Hailstorms have historically demonstrated their capacity to wreak havoc, transcending borders and challenging the resilience of both man-made structures and the natural world.
A notable instance documented by the Liverpool Mercury in 1894 highlights the sheer force and destruction wrought by these icy projectiles.
Contrary to the milder impacts typically observed in Great Britain, regions across the globe have witnessed hailstones causing substantial damage, including the penetration of corrugated iron roofs.
Large Hailstones
Hailstones have broken windows and have been known also to pierce corrugated iron, though not in Great Britain, where, as a general thing, the force as well as the size of the stones is not sufficient to occasion such wholesale and serious damage, says the Liverpool Mercury.

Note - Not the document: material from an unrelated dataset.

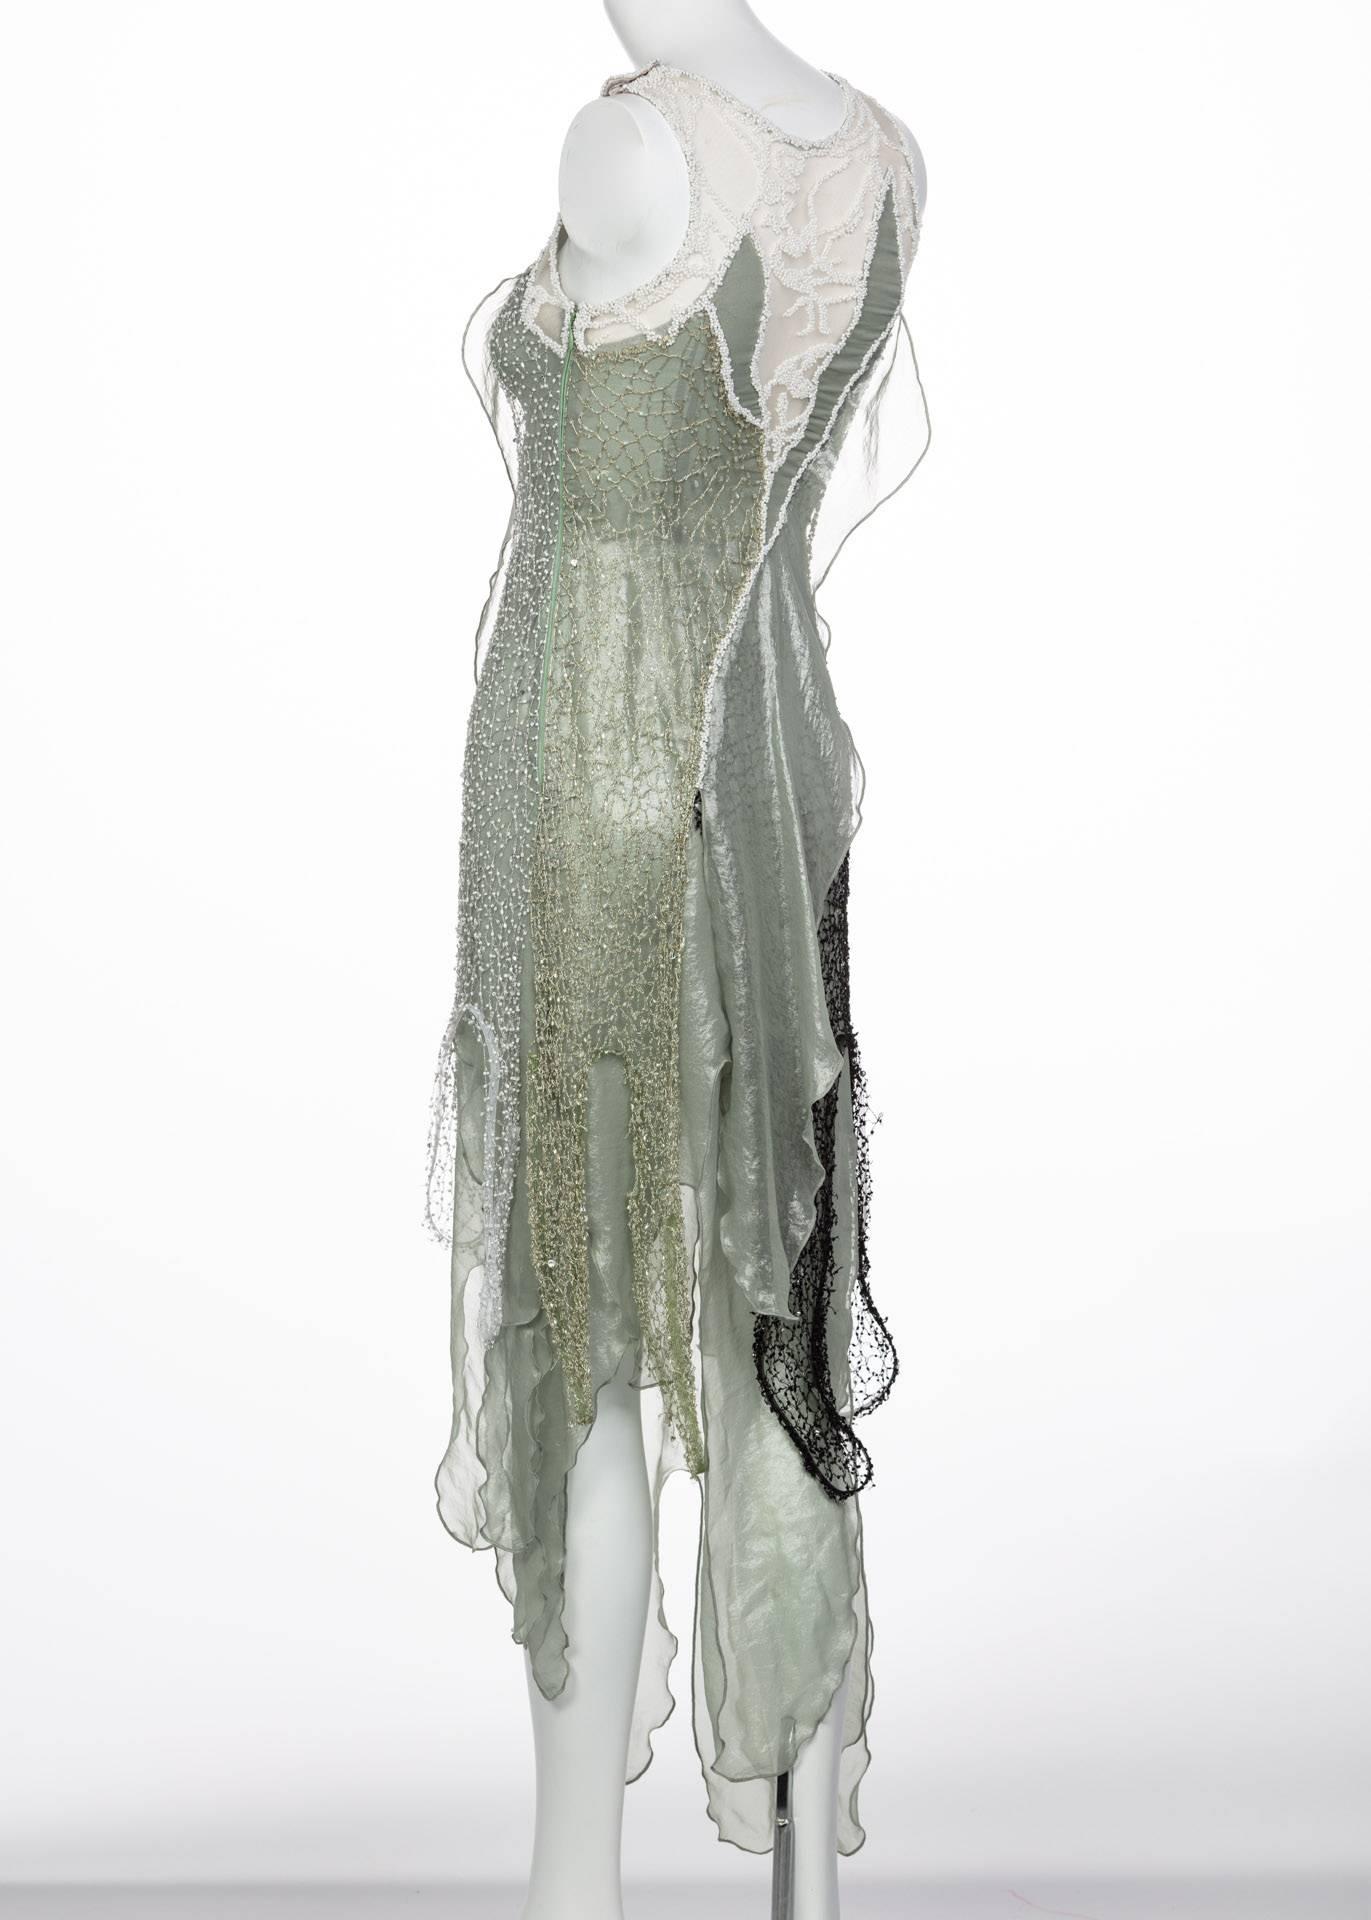 Rodarte Runway Beaded Metal Net SeaFoam Lame Swarovski Crystals Dress, 2015  1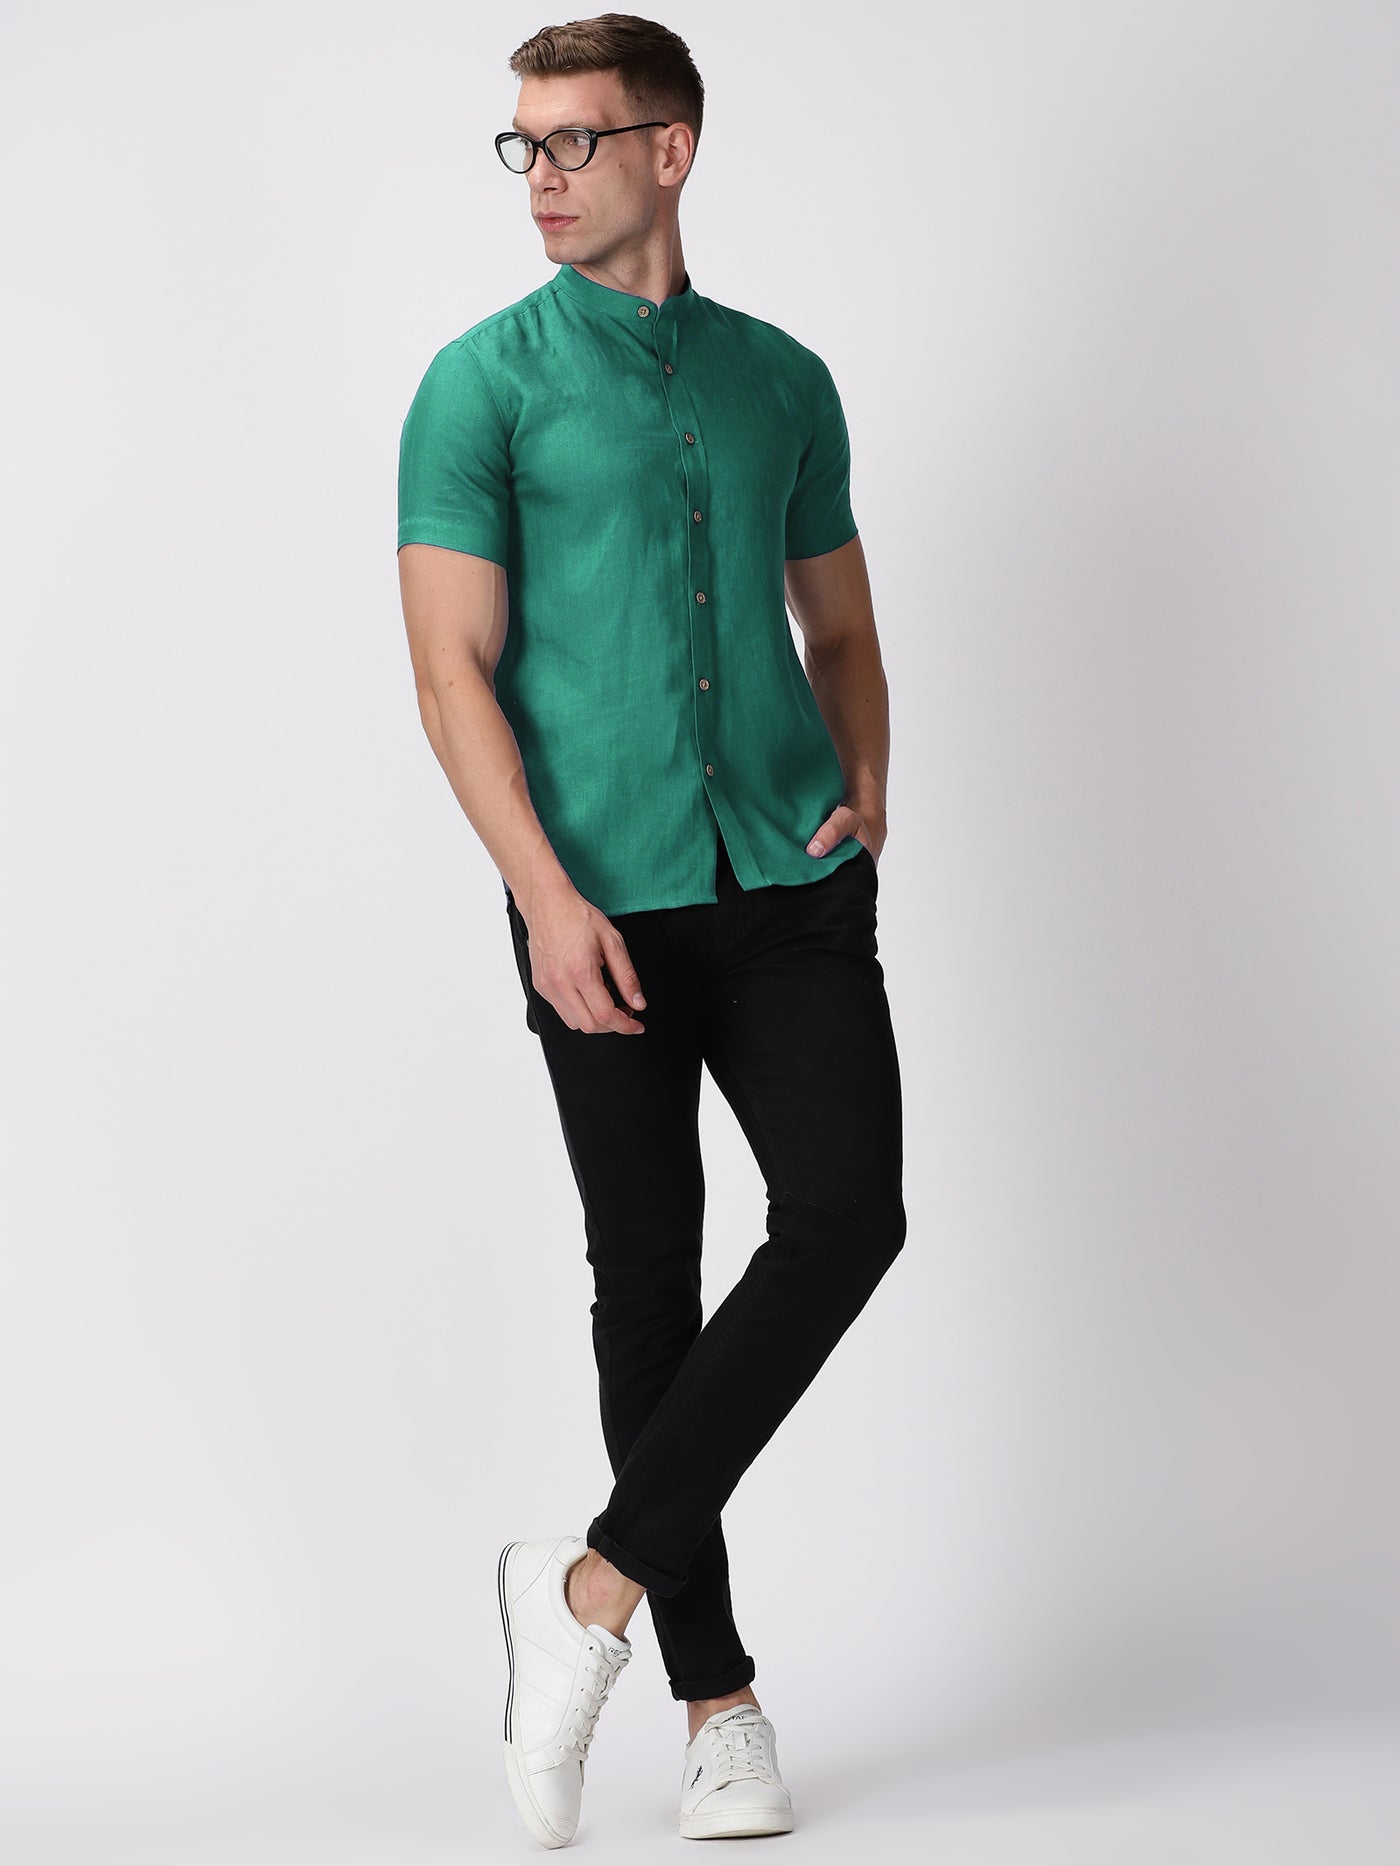 Ronan - Pure Linen Mandarin Collar Half Sleeve Shirt - Teal Green

On one occasion, G.J. Symonds, F.R.S., who is a meteorological authority of very high standing, pooh-hooed a report from India relative to the piercing of an iron roof by hailstones.
Now, quite recently, there was presented to the Royal Society of New South Wales, by C. H. Russell, an indisputable account of a hailstorm in the Narrabri district, which occasioned this very phenomenon.
On the morning after the storm the manager at one of the meteorological stations found 19 sheep lying dead, in addition to birds, kangaroo rats and crowds of other creatures – all of them killed by the hailstones, which broke all the windows exposed to them, dented the galvanized iron roofing from end to end, and cut many of the sheets right through.
In one sheet no less than 60 holes were found, and in another no less than 30.
France, singular to relate, has been very unfortunate in the matter of damaging hailstorms. One, which fell in the neighborhood of Angouleme, wounded several persons severely, and killed a child near Barbezieux; injured the cattle, sheep, and pigs; entirely stripped the trees of their leaves; cut the vines into pieces and crushed the crops.
The whole district was deprived of game, and the effects of the storm were visible five years afterward.
Another which fell some years earlier, has the distinction of being the most remarkable hailstorm on record. It was divided into two distinct bands – the western one 420 miles long and 10 miles broad, and the eastern one over 500 miles long, but only 5 miles broad.
It is estimated that 28,000,000 tons of ice fell, or about one pound to the square foot on an average. Some of the stones were half a pound each in weight.